遥青晏垂眸,“我拖上几日,尽量套出毒雾的解药。即便暴露,他也奈何不得我。”
“他也杀不了我,”林舒撑在男人肩上,点头如捣蒜,“我要跟在他身边,娘你放心走吧,你一走我们俩也没了软肋。”
“好。”遥曦胸膛深深舒出一口气,戴上了狐面,脑袋针扎般的疼痛密集,从骨肉穿透到了灵魂里。
须臾疼得她满头大汗,好一会儿才勉强撑住。
林舒看她反应很大,担忧道:“很疼吗?”
遥曦做了个三个深呼吸,“你戴了这么久倒是比我能忍痛。”
“我没有痛觉。”林舒不好意思地挠挠下巴。
遥曦摘了凤冠头饰,去里屋脱掉外层绣金凤团锦的嫁衣,找了件与血魔弟子差不多的红袍套上,易容成一个相貌平平的男子。

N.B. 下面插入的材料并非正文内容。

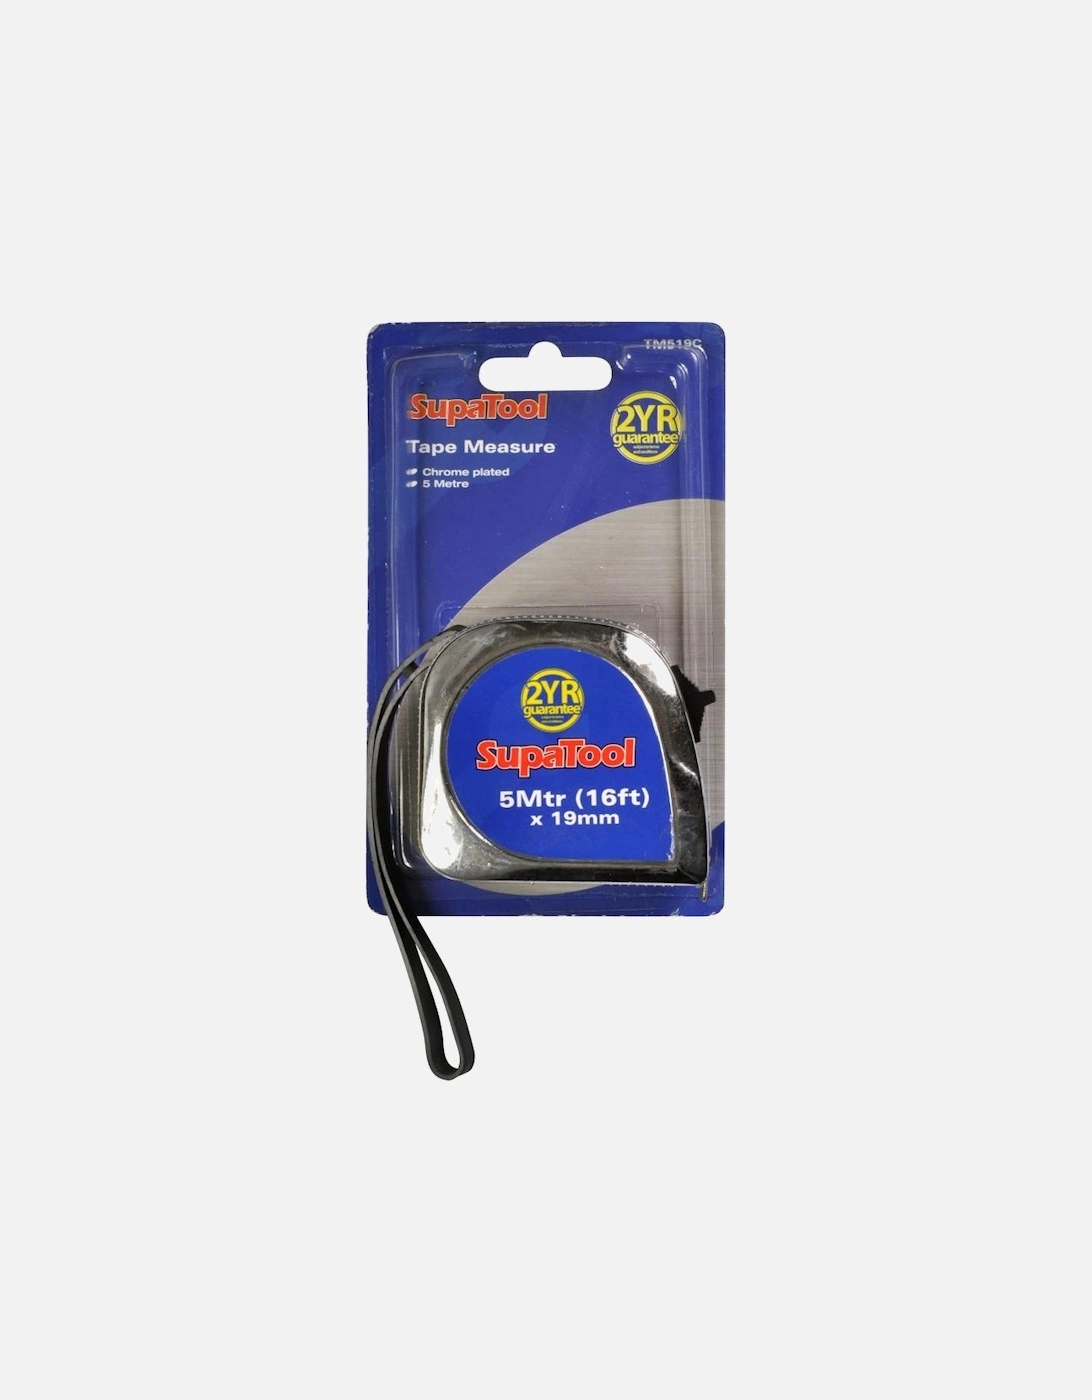 Chrome Plated Tape Measure, 2 of 1

林舒想到待不久了,牵起她的手嘱咐,“娘,别回赵未君身边,你懂兽语,去一趟灵兽山吧。”
有些真相,女主也该去了解清楚。
自己的能力微小,还要靠气运之子去改变。
遥曦见她认真,郑重应下,“好,你、们注意安全,仙盟那边定会想办法攻进西洲。”
临走前,她的余光极快瞄了眼儿子。
不知不觉心里还是听进了少女的解释,偏向于接纳他的存在。
或许她该勇敢的付出一次信任。
一个从小在正道教养长大的孩子品性不会歪到哪里去。
只是血魔的食欲一时能够忍耐,以后呢?
她不会因此放松警惕。
房门关上,遥青晏望着大门敛下眸底的哀色。
他很清楚自己与母亲的关系芥蒂深种,已回不到从前的母子和谐。
这时少女坐到他腿上,环住他的脖颈,圆润明亮的大眼半掩羞涩,在他唇上偷了个香吻,“易容后可亲不着你了。”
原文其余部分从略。